** THE TASK **
Leaving out every picture, please repeat exactly the line that contains "David Benioff Emilia Clarke DB Weiss" and each line after it through the final line below.

RECORDED INFORMATION START

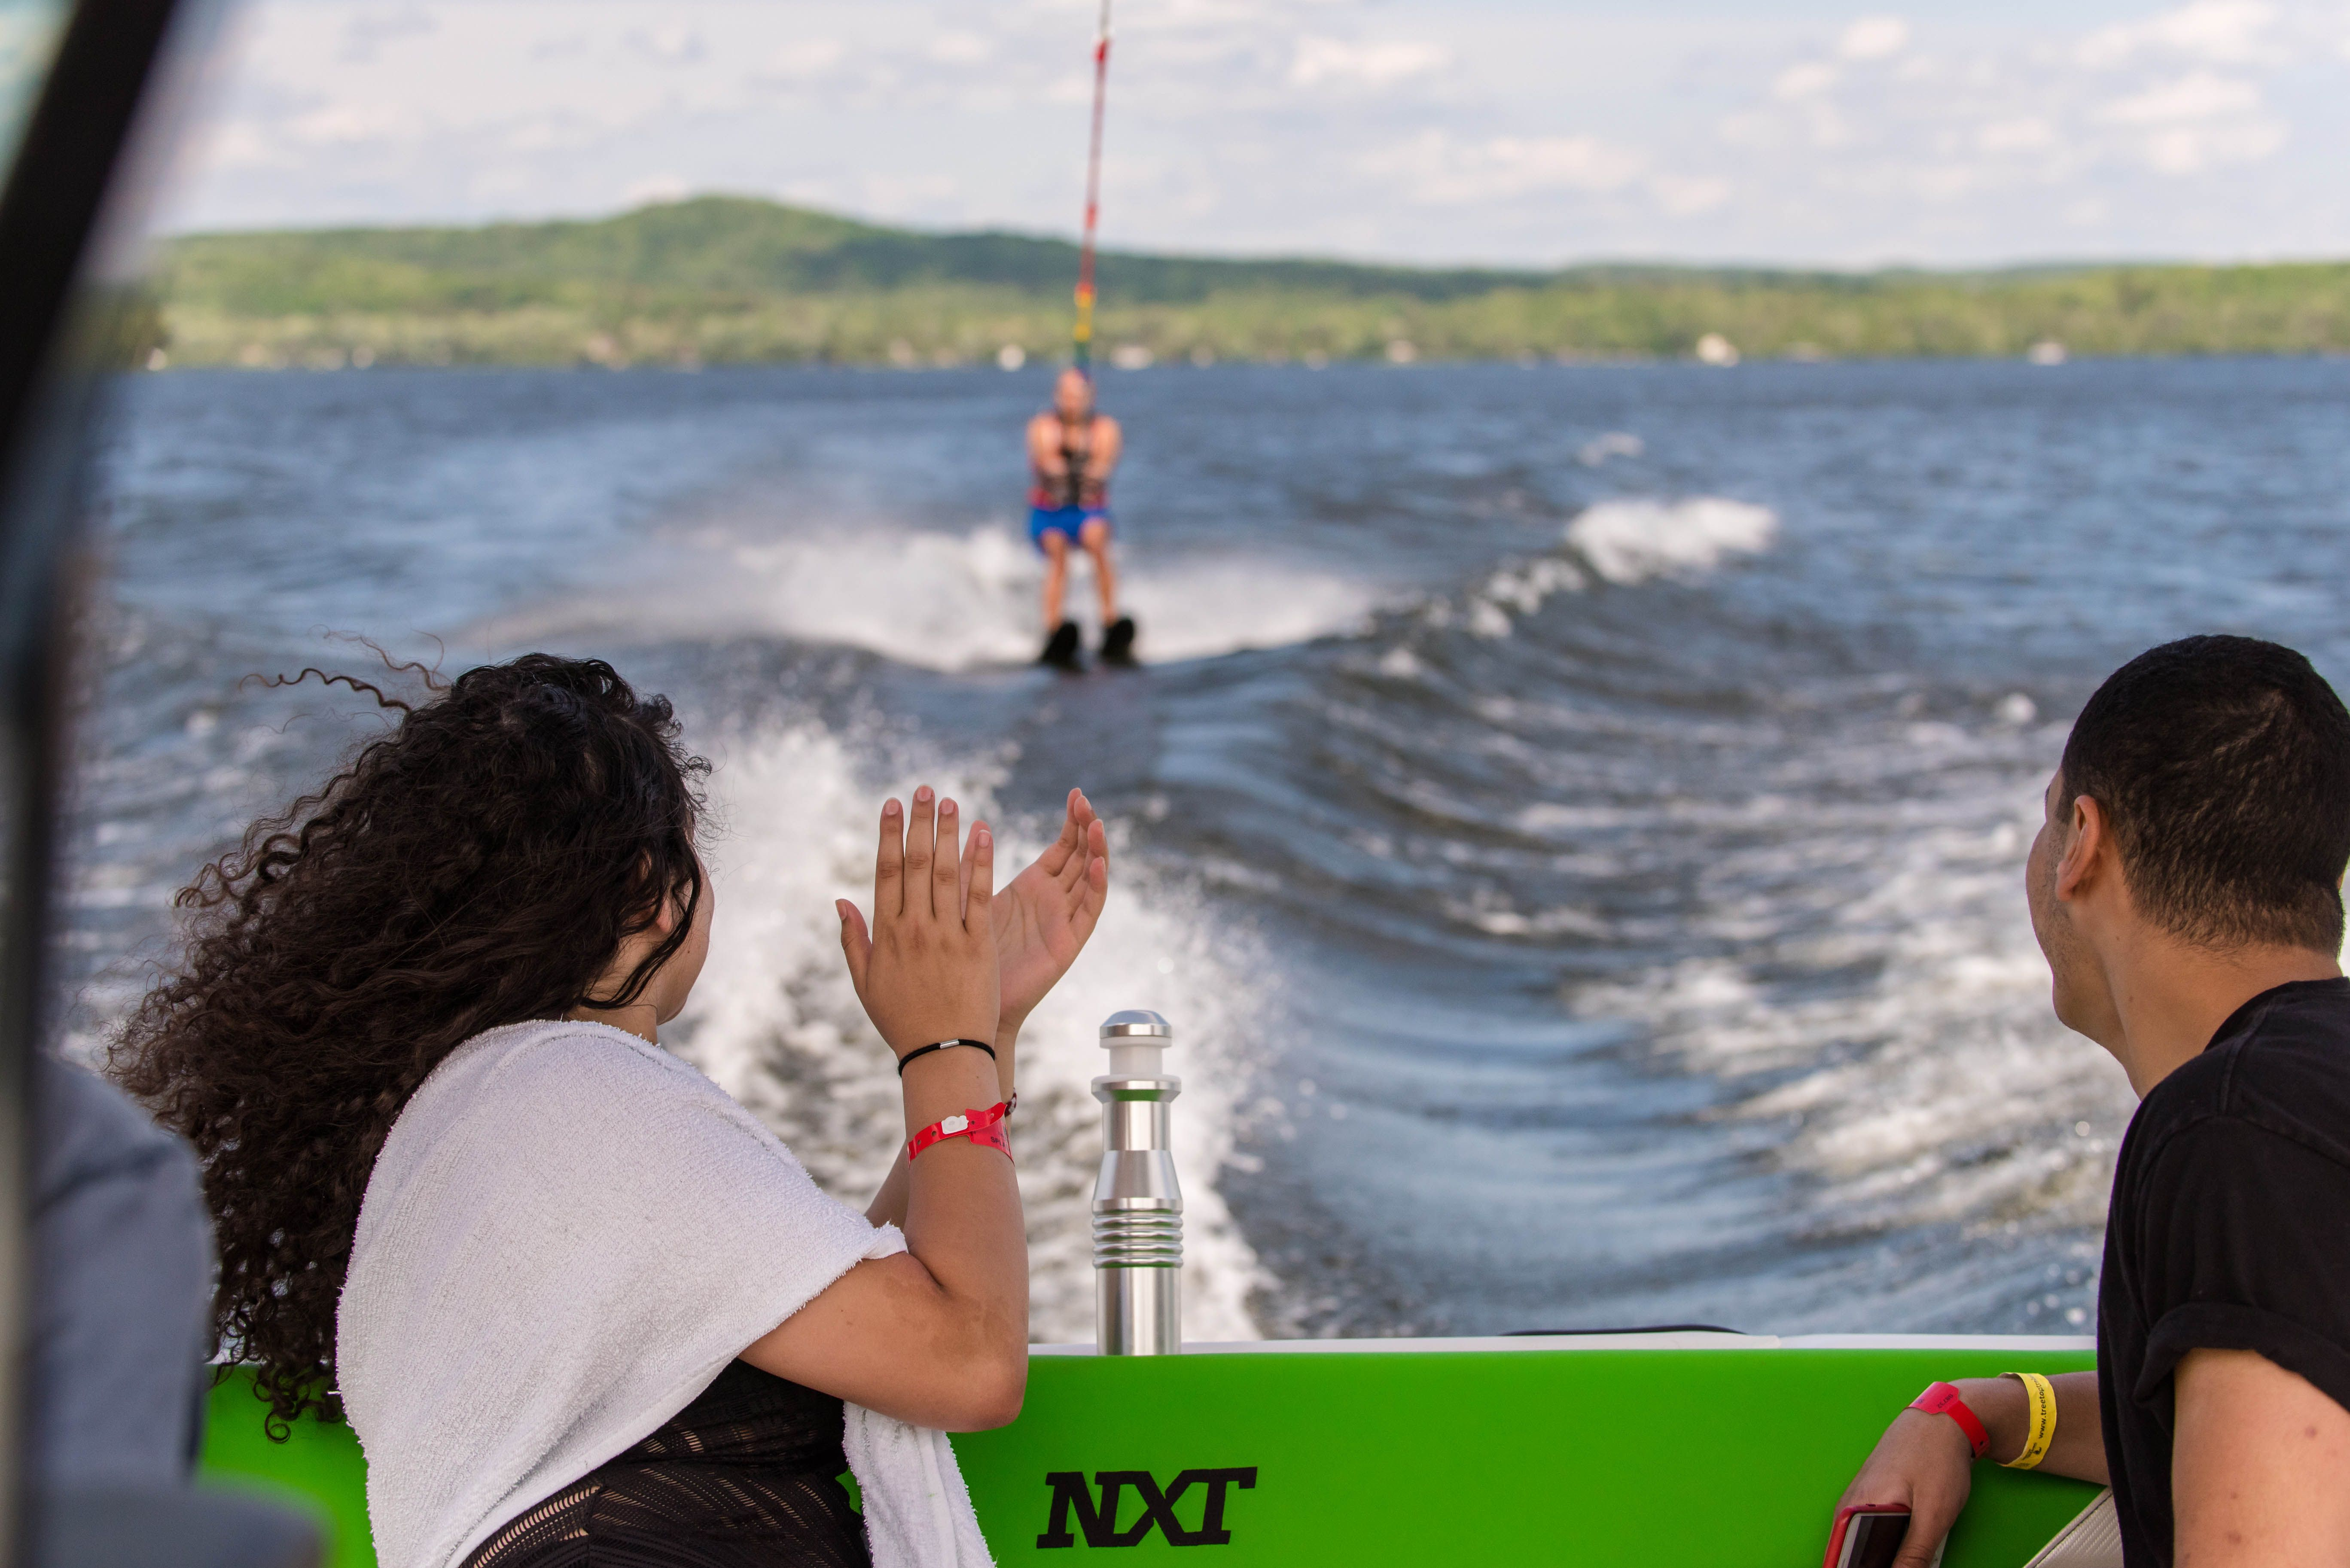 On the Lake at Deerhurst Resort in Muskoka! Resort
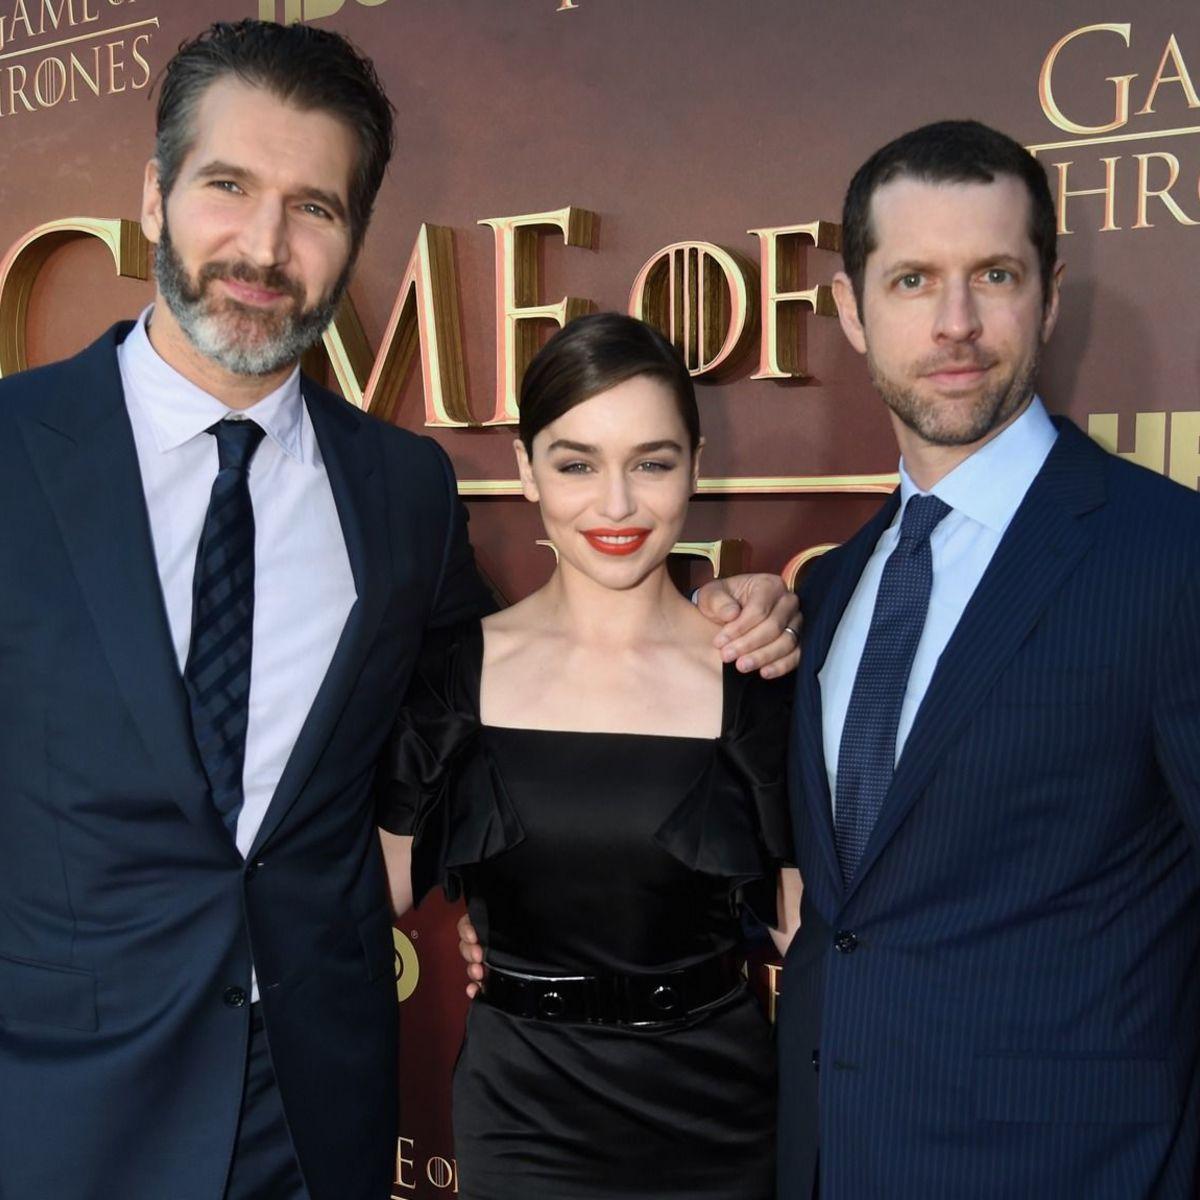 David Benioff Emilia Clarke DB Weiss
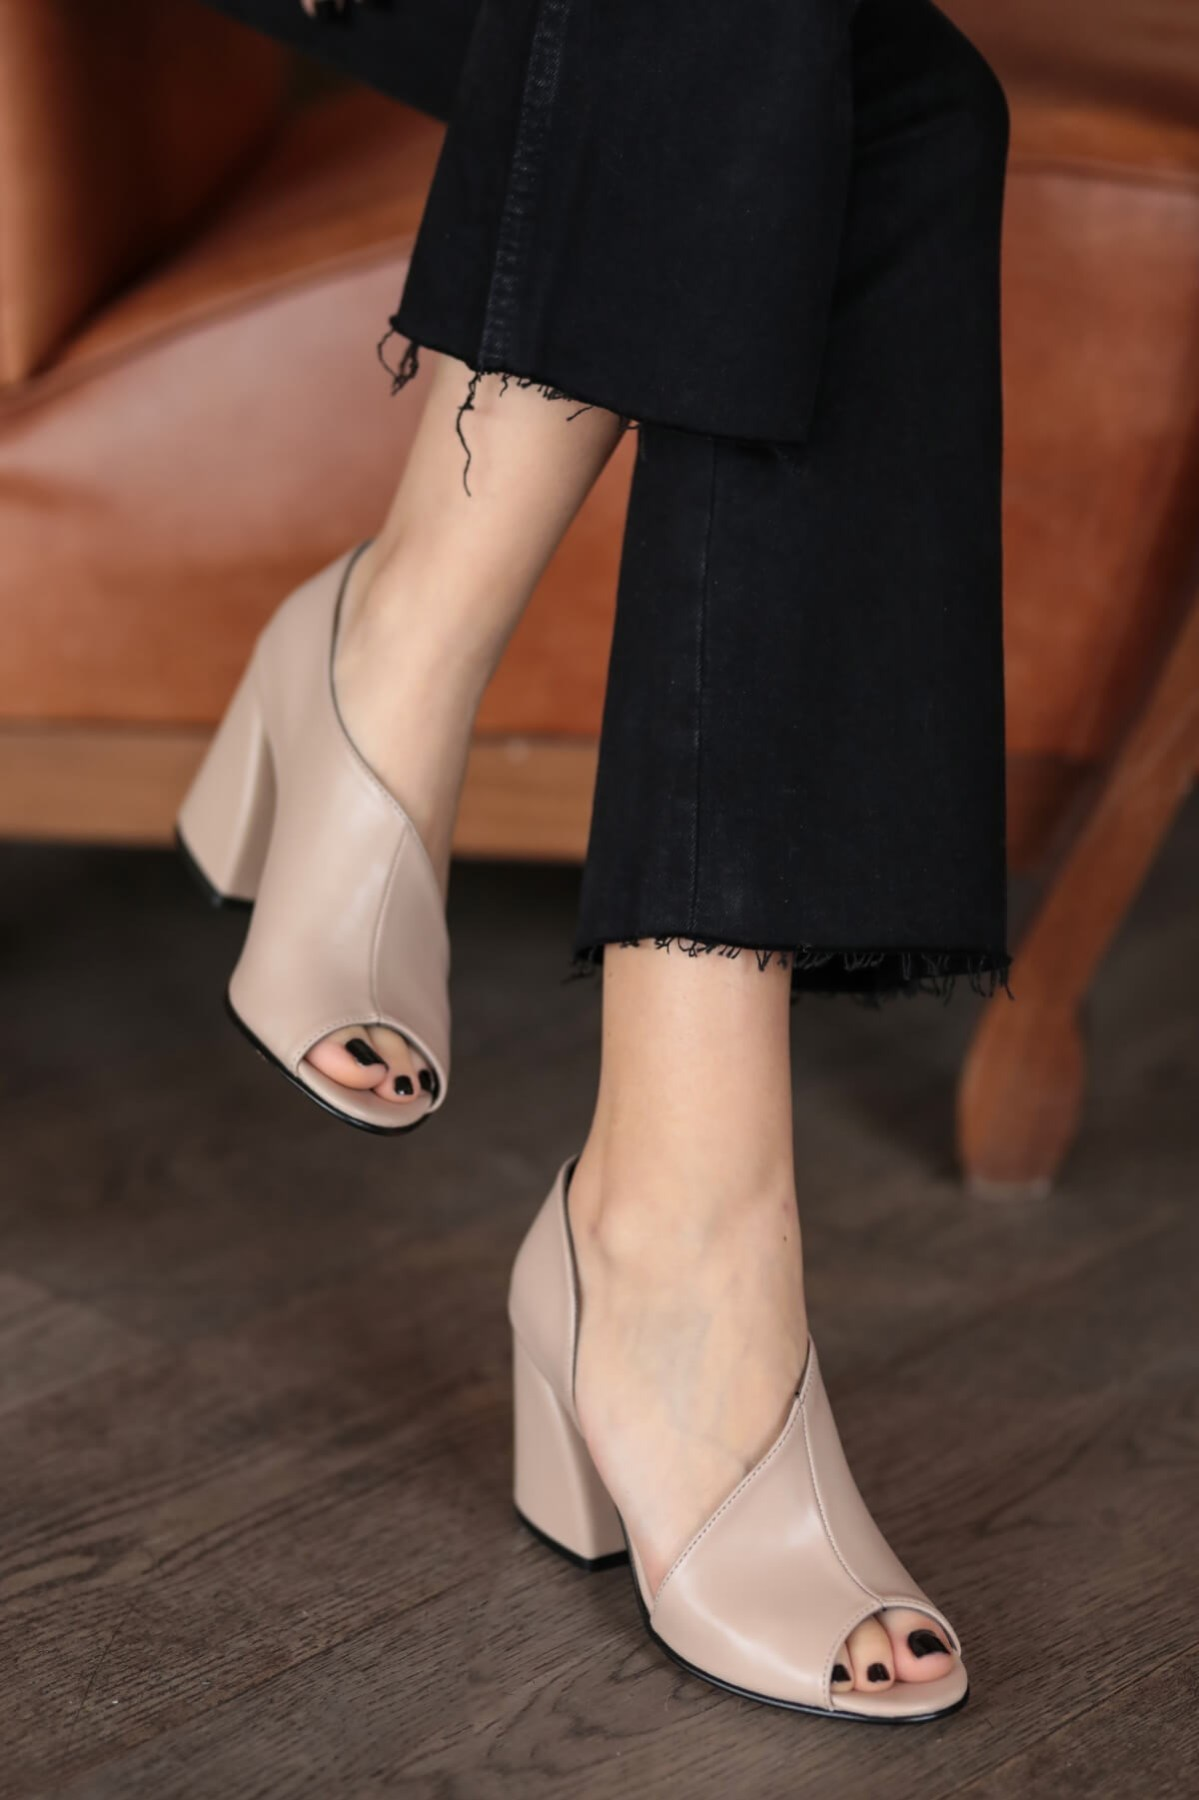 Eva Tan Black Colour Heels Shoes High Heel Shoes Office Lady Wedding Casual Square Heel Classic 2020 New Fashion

RECORDED INFORMATION END

** FINAL ANSWER **
 David Benioff Emilia Clarke DB Weiss
 Eva Tan Black Colour Heels Shoes High Heel Shoes Office Lady Wedding Casual Square Heel Classic 2020 New Fashion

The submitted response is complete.